This is a near-zero-cost extension. Each mechanism is already a single multiplier or additive term. The roadmap entry is a COUNTERFACTUAL configuration object that the run loop checks before applying each mechanism, and a results pane that diff's the SES gradient against an all-mechanisms-on baseline. The forward-link for that work is the CAS/ABM extensions roadmap, where mechanism-shutoff is the Tier-1 (low-cost, high-leverage) addition. Once it ships, college-sim can speak in Reardon's own currency: "removing the legacy hook closes X percentage points of the Tier-1 gap; removing the information-quality gap closes Y."

Run the reproduction yourself

A simplified Node.js reproduction of Reardon's mechanism-decomposition lives at /research2/cas-abm-references/reproductions/01-reardon-college-sorting/README.md, with a top-level overview of all six matching-market reproductions at /research2/cas-abm-references/reproductions/SUMMARY.md.

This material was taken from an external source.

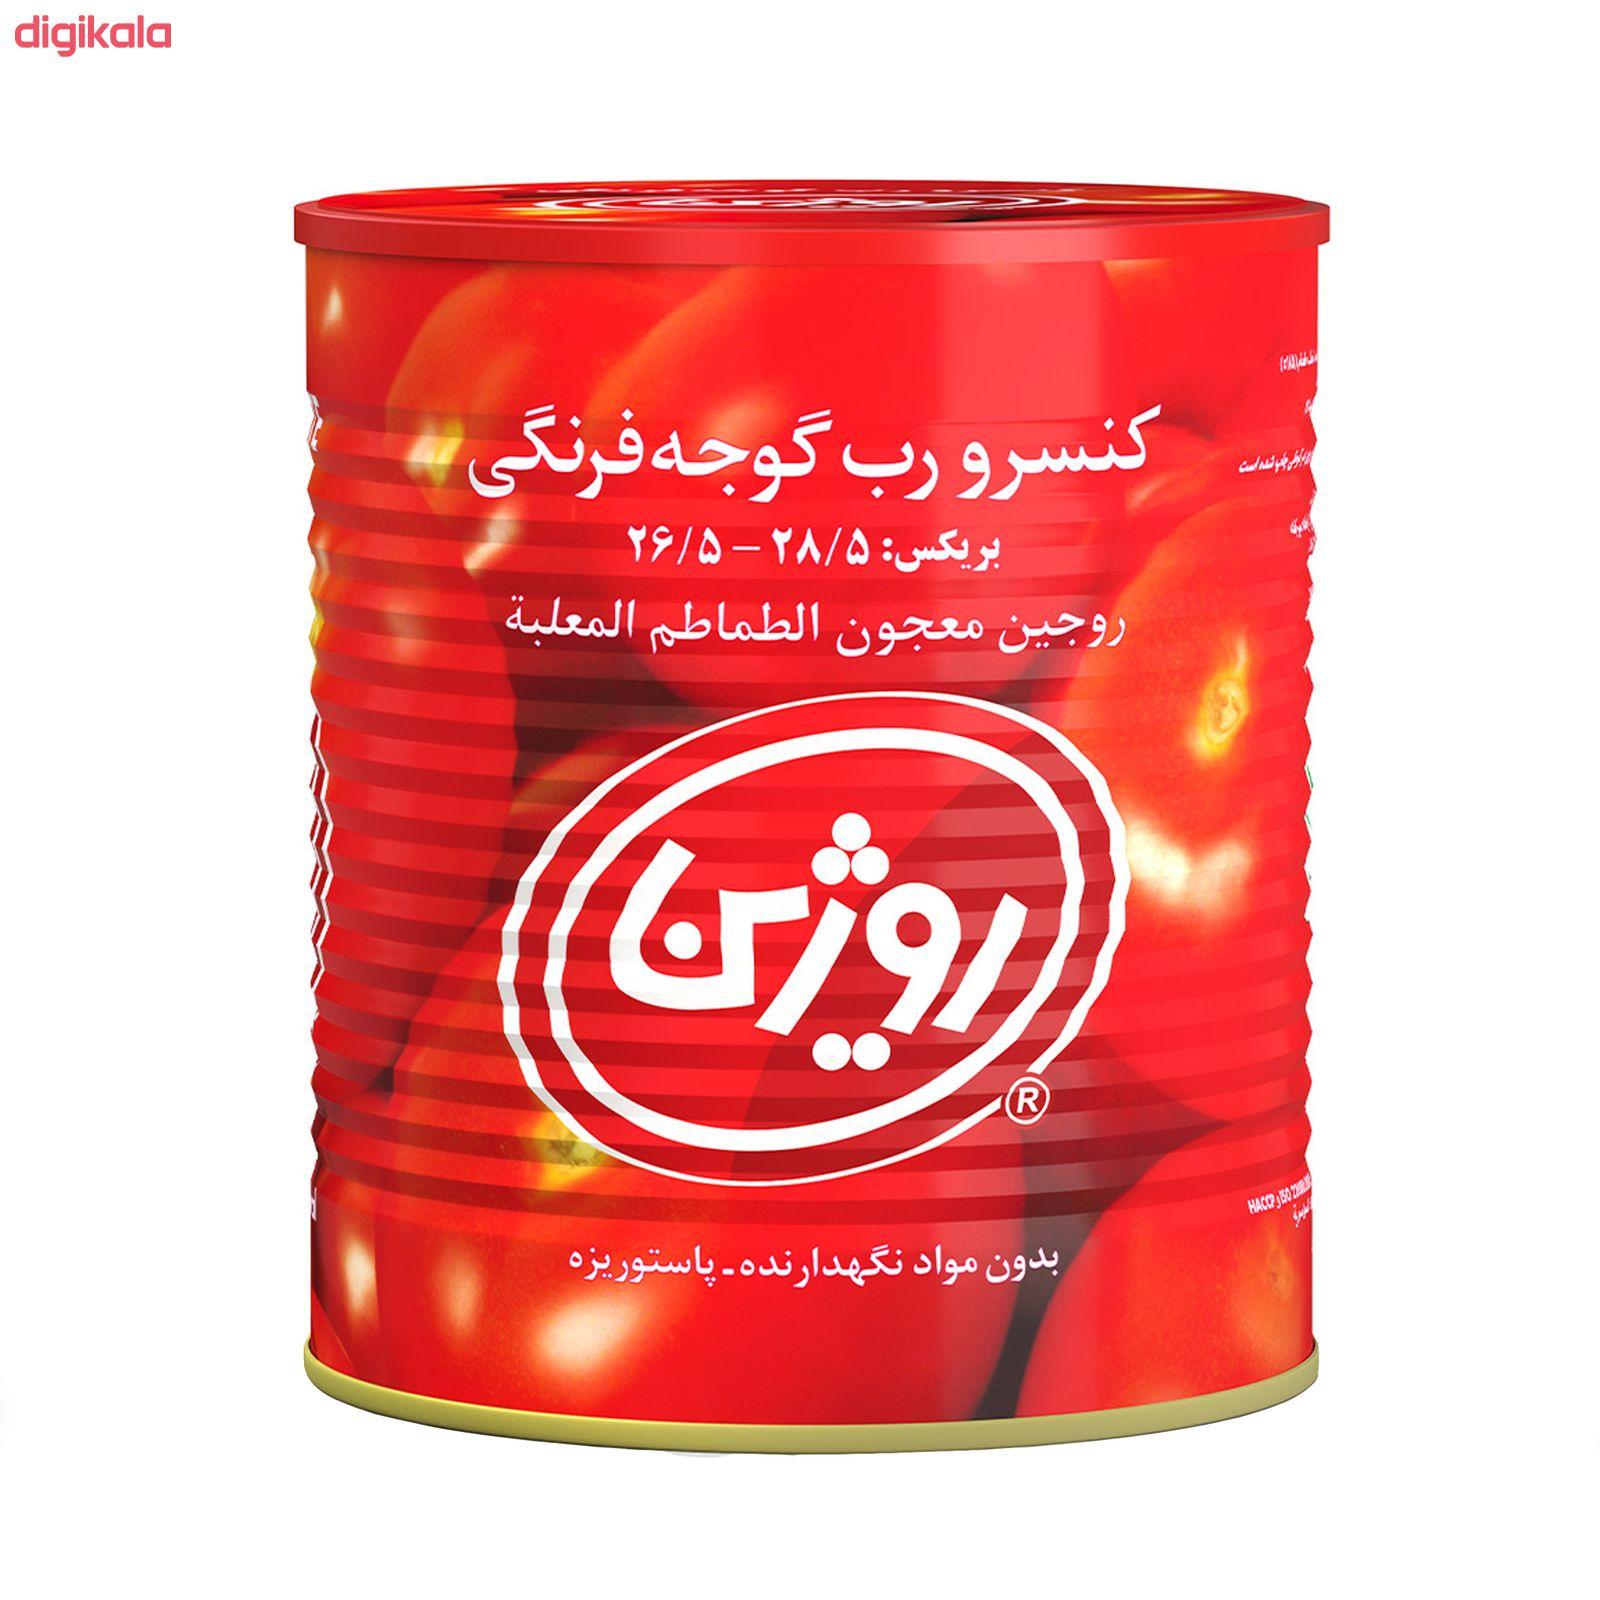 رب گوجه فرنگی روژین مقدار 800 گرم  main 1 3

The reproduction is a single dependency-free main.js that runs in under a second and uses 5,000 synthetic students against 50 synthetic colleges. It does not reproduce Reardon's absolute numbers — those depend on real ELS:2002 and IPEDS data — but it does reproduce the qualitative shape of his findings: the SES-by-college-quality gradient is positive in every condition, the achievement gap is the single most powerful mechanism, information quality is the next most powerful and has an outsized effect on low-SES students, and idiosyncratic valuation is a moderator that widens the gap when removed. The reproduction is intended as a worked example mineable for the college-sim counterfactual extension, not as a full replication of the Stata original on CoMSES.

Citation

Reardon, S. F., Kasman, M., Klasik, D., & Baker, R. (2016). Agent-Based Simulation Models of the College Sorting Process. Journal of Artificial Societies and Social Simulation, 19(1) 8. https://www.jasss.org/19/1/8.html. Stata replication code archived at the CoMSES Net computational model library (formerly OpenABM).